Barkley's final shot at a title would come against undefeated Henry Maske at light heavyweight for Maske's IBF title in Nordrhein-Westfalen, Germany in October 1994. Barkley again lost by corner retirement after nine rounds.

Barkley continued to fight after this loss, eventually moving up to the heavyweight division. His last fight of note was a June 1997 win for the WBB heavyweight title, a bout in which Barkley retired former WBA heavyweight champion Gerrie Coetzee with a 10th-round TKO.

Barkley 'retired' in 1999 after losing a bout in Mississippi by sixth-round stoppage to Keith McKnight.

Comeback
In 2006, at the age of 46, Barkley won an unsanctioned bout by second-round stoppage in Aruba. In 2008, at age 48, Barkley fought to a six-round draw in an unsanctioned exhibition bout against heavyweight Chauncy Welliver in Lapwai, Idaho at the Pi-Nee-Waus Community Center of the Nez Perce Tribe.

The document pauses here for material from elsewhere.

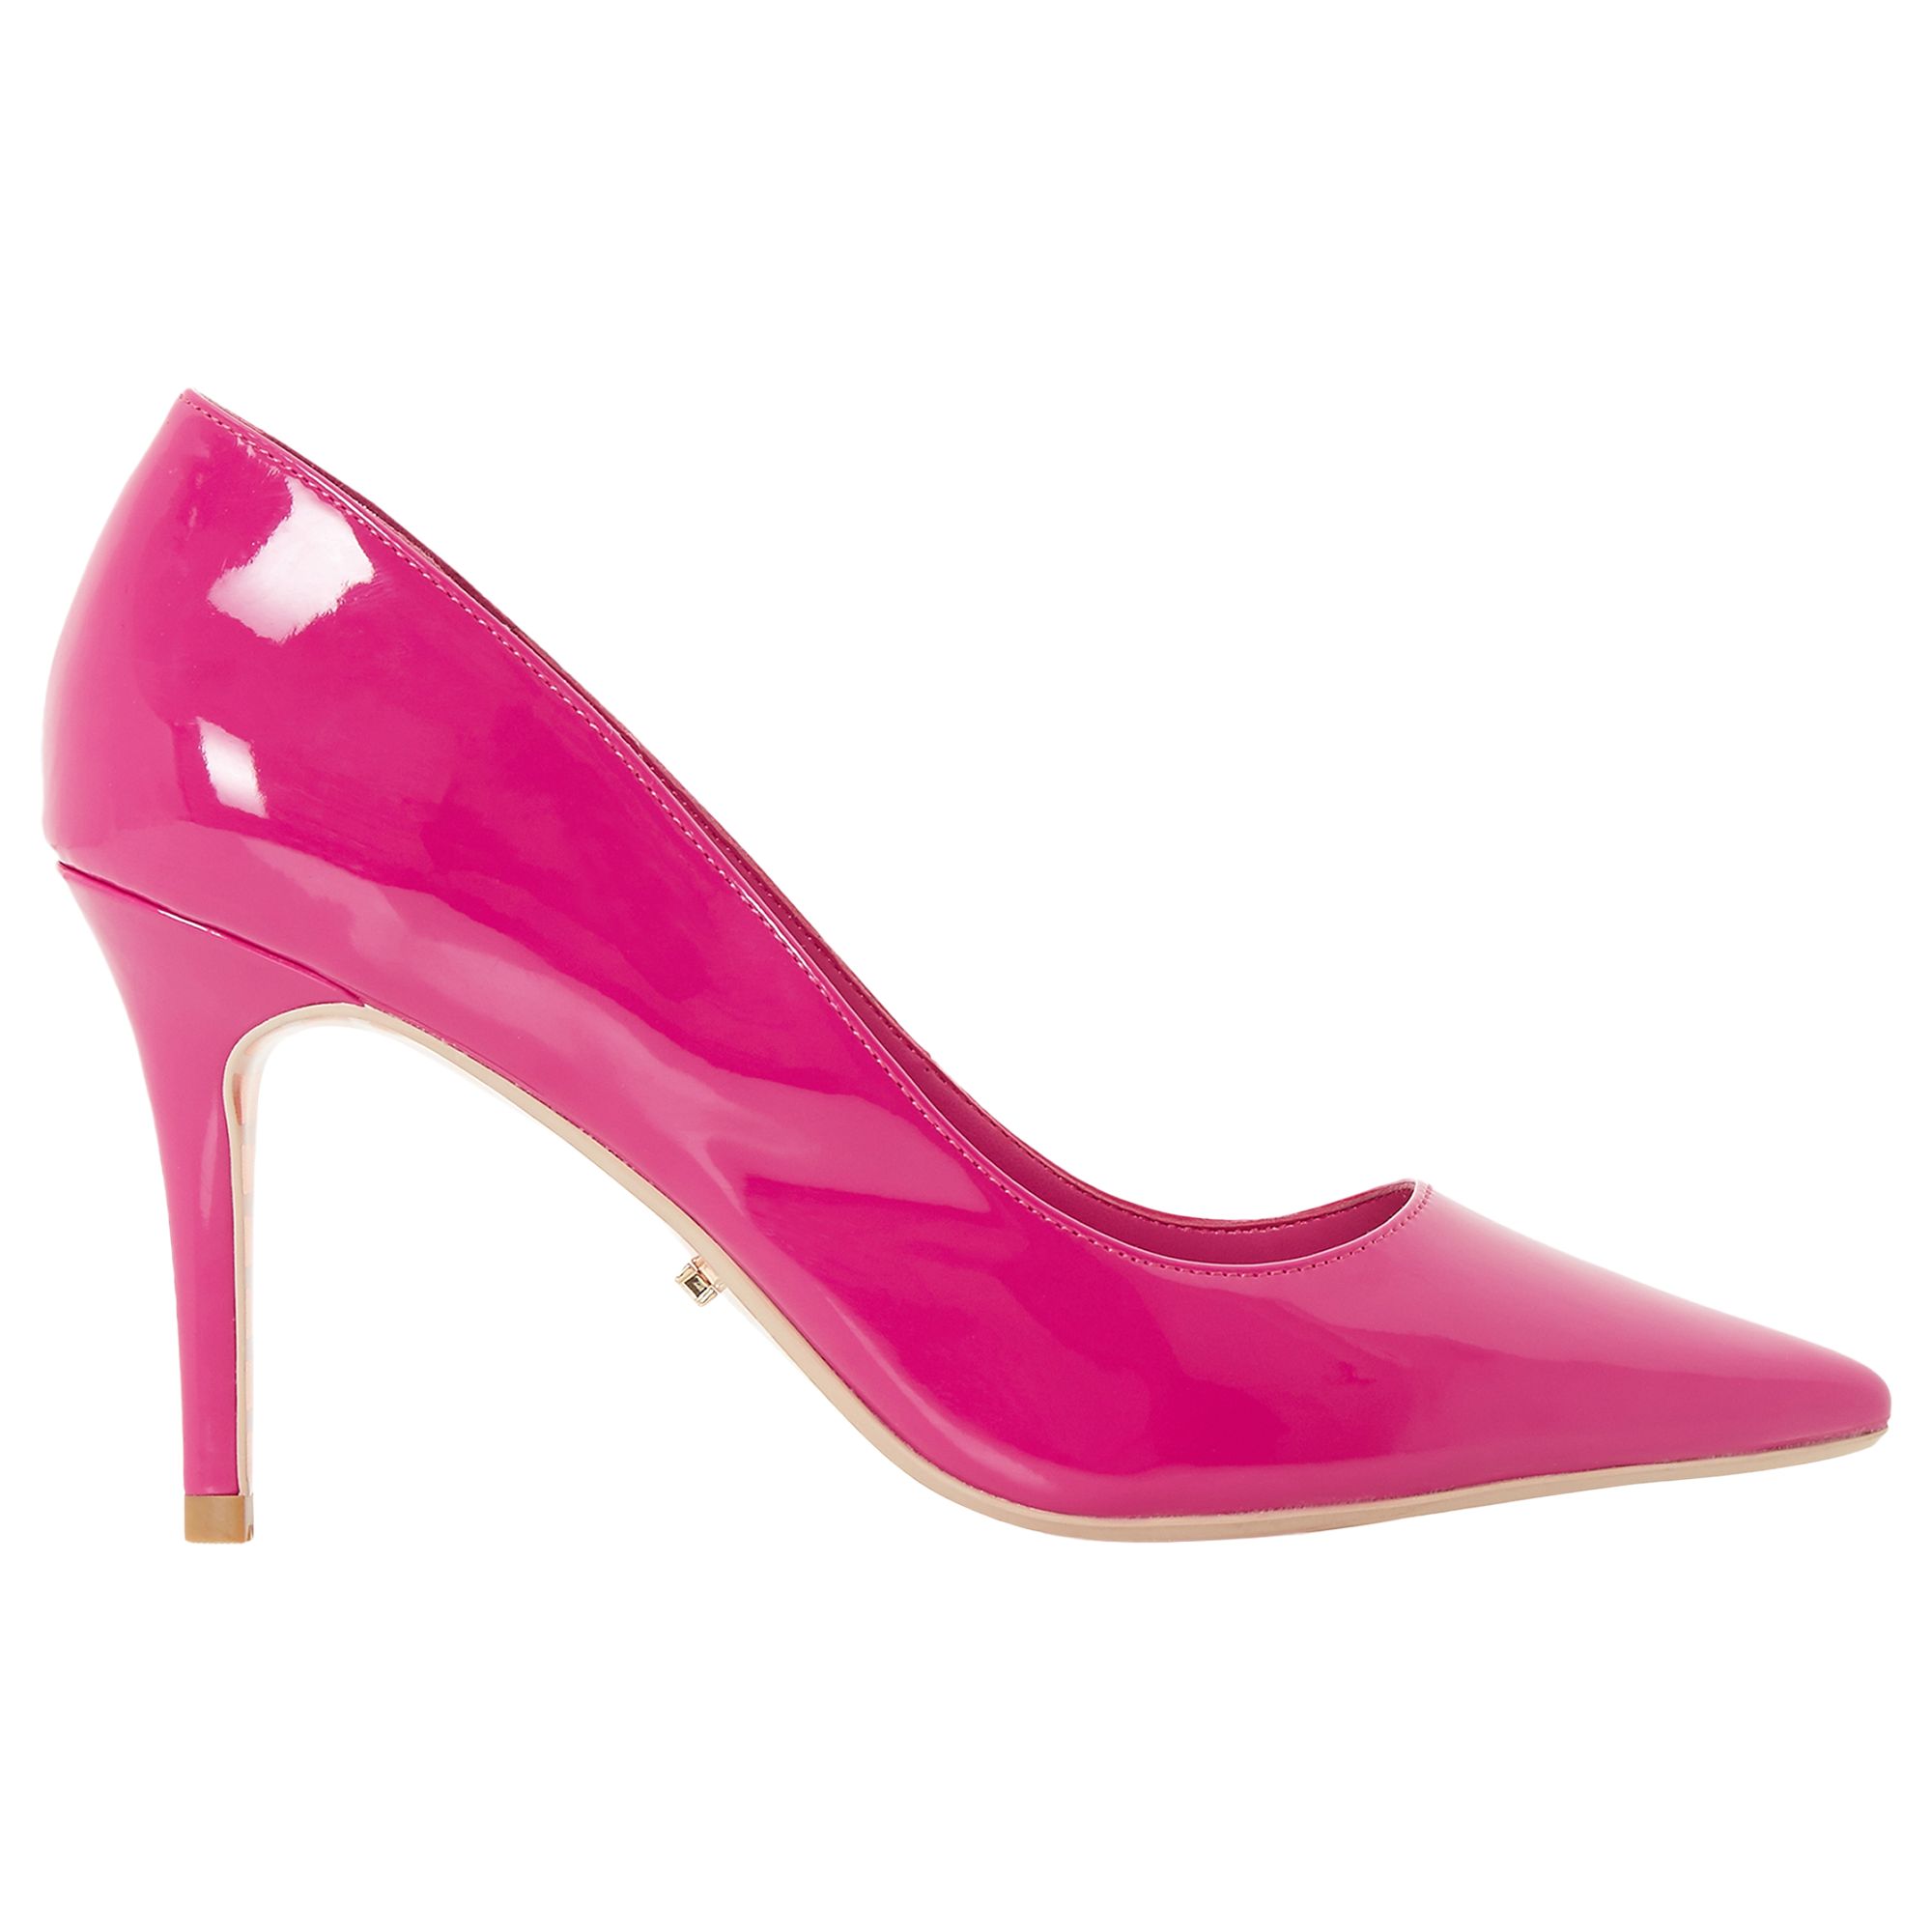 Dune Aurrora Pointed Toe Court Shoes, Pink, 7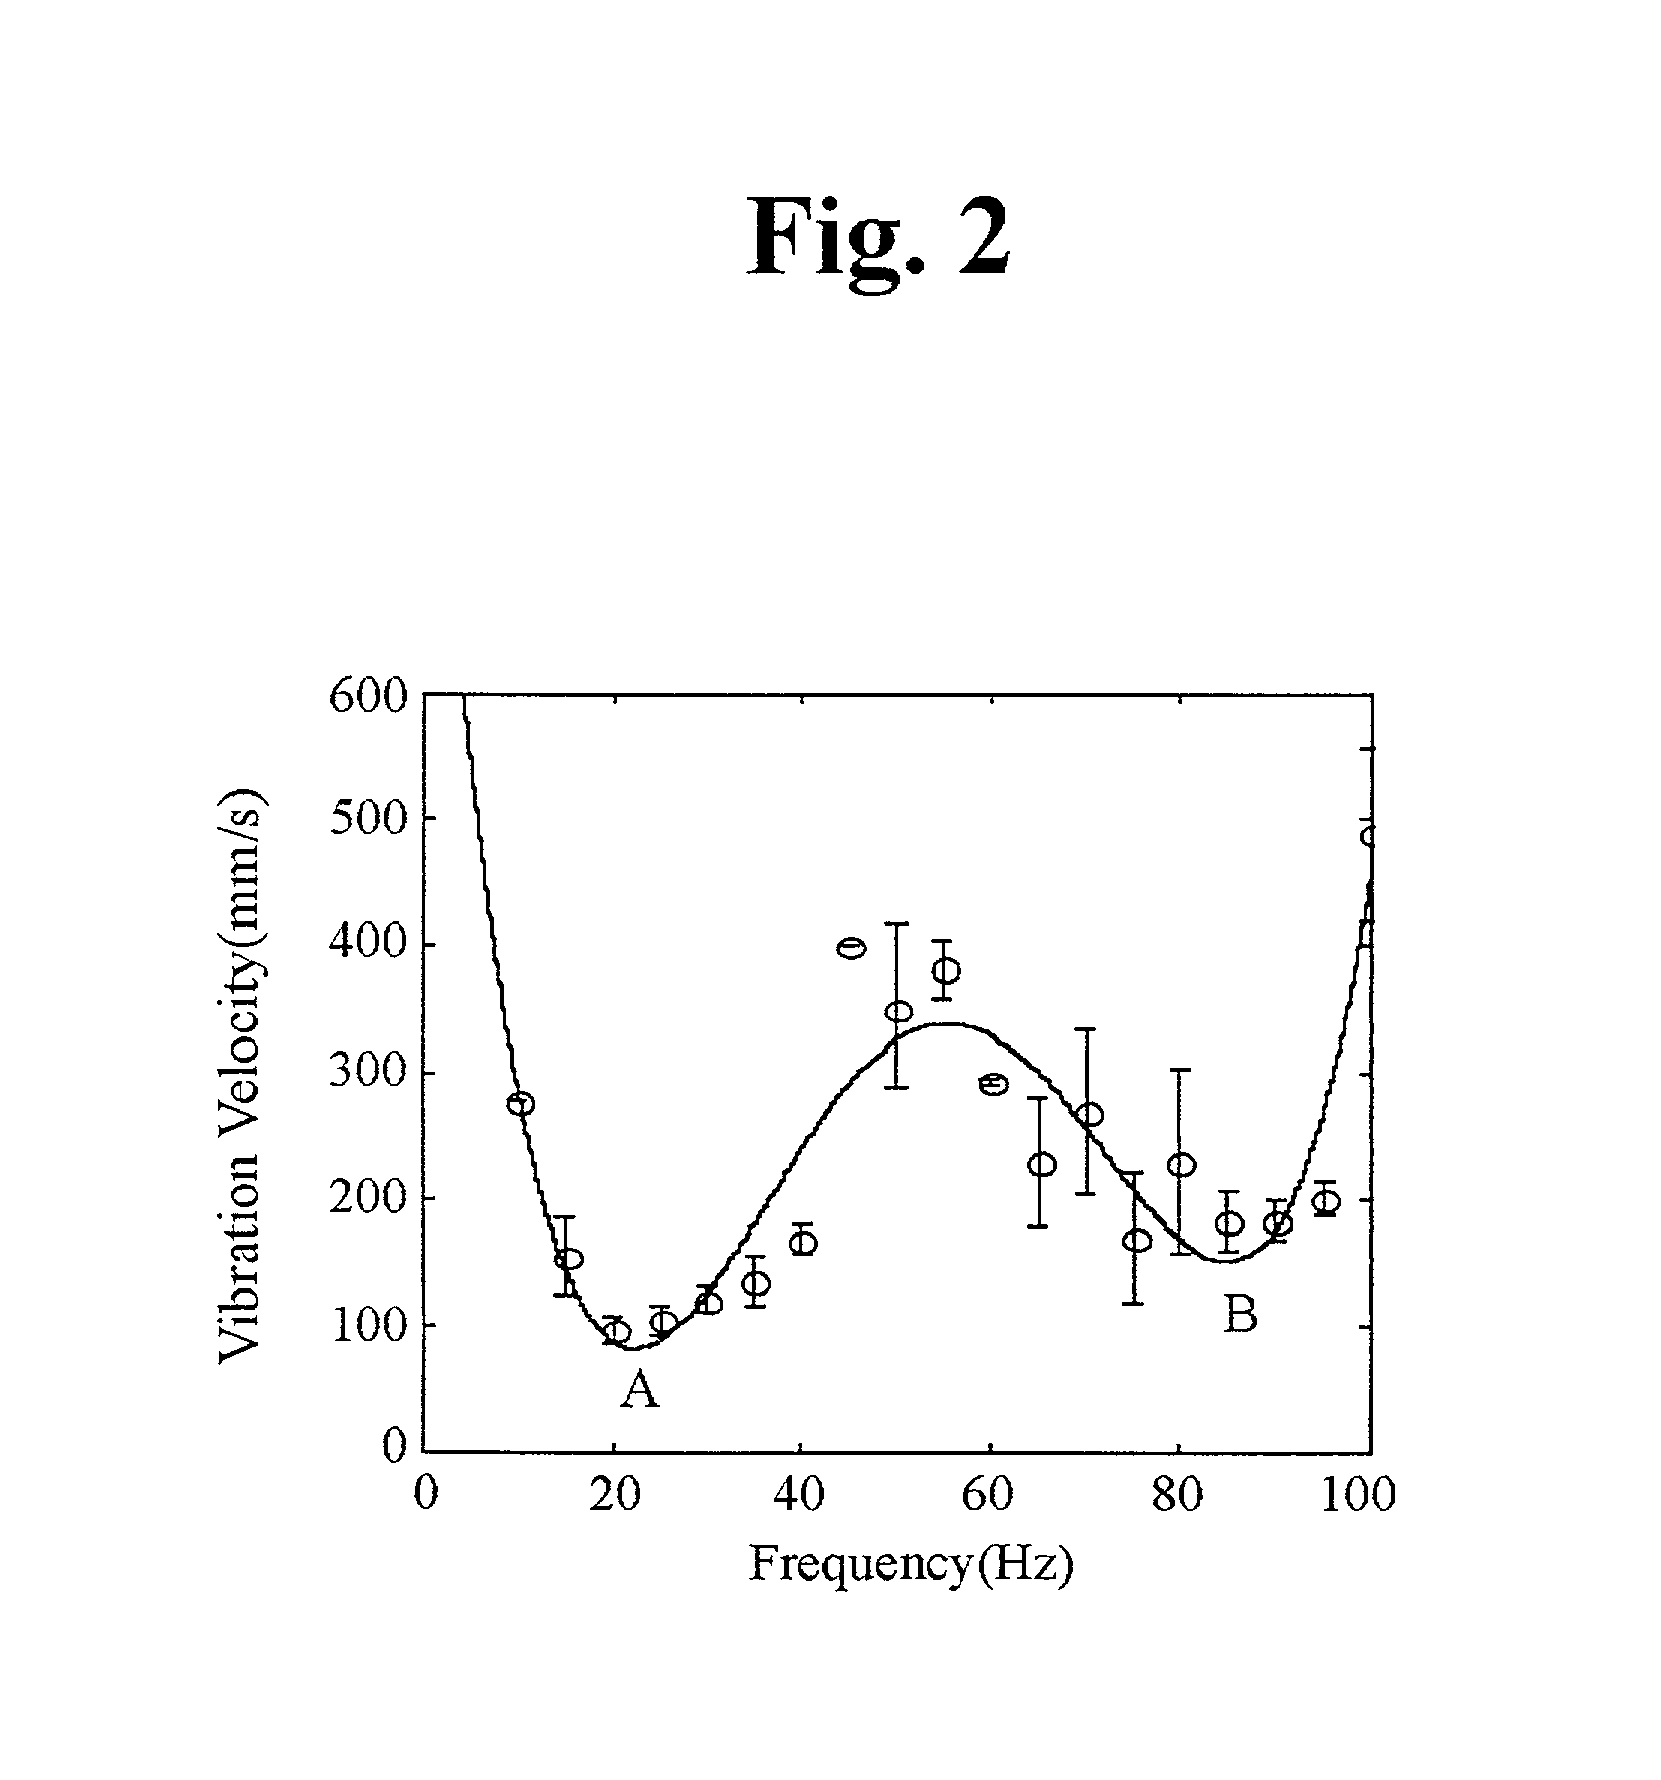 Apparatus for enhancing condensation and boiling of a fluid

A May 20, 2011, online article on Boxrec News hinted Barkley was seriously considering making a comeback in the ring at age 51.

Honors and awards
Barkley is a member of the New Jersey Boxing Hall of Fame.

Personal life
Barkley's first child was born to Barkley's common law wife Pam in 1981. He has four children and has been divorced twice.

Barkley has fallen on some difficult times since his retirement from boxing. Penniless and unemployed, he became homeless in November 2010 after he was evicted from his Bronx apartment. Through the support of the Bronx nonprofit BronxWorks and the Ring 10 boxing charity, he found housing and receives assistance so he can become self-supporting.

Barkley resides in the Morrisania area of the South Bronx.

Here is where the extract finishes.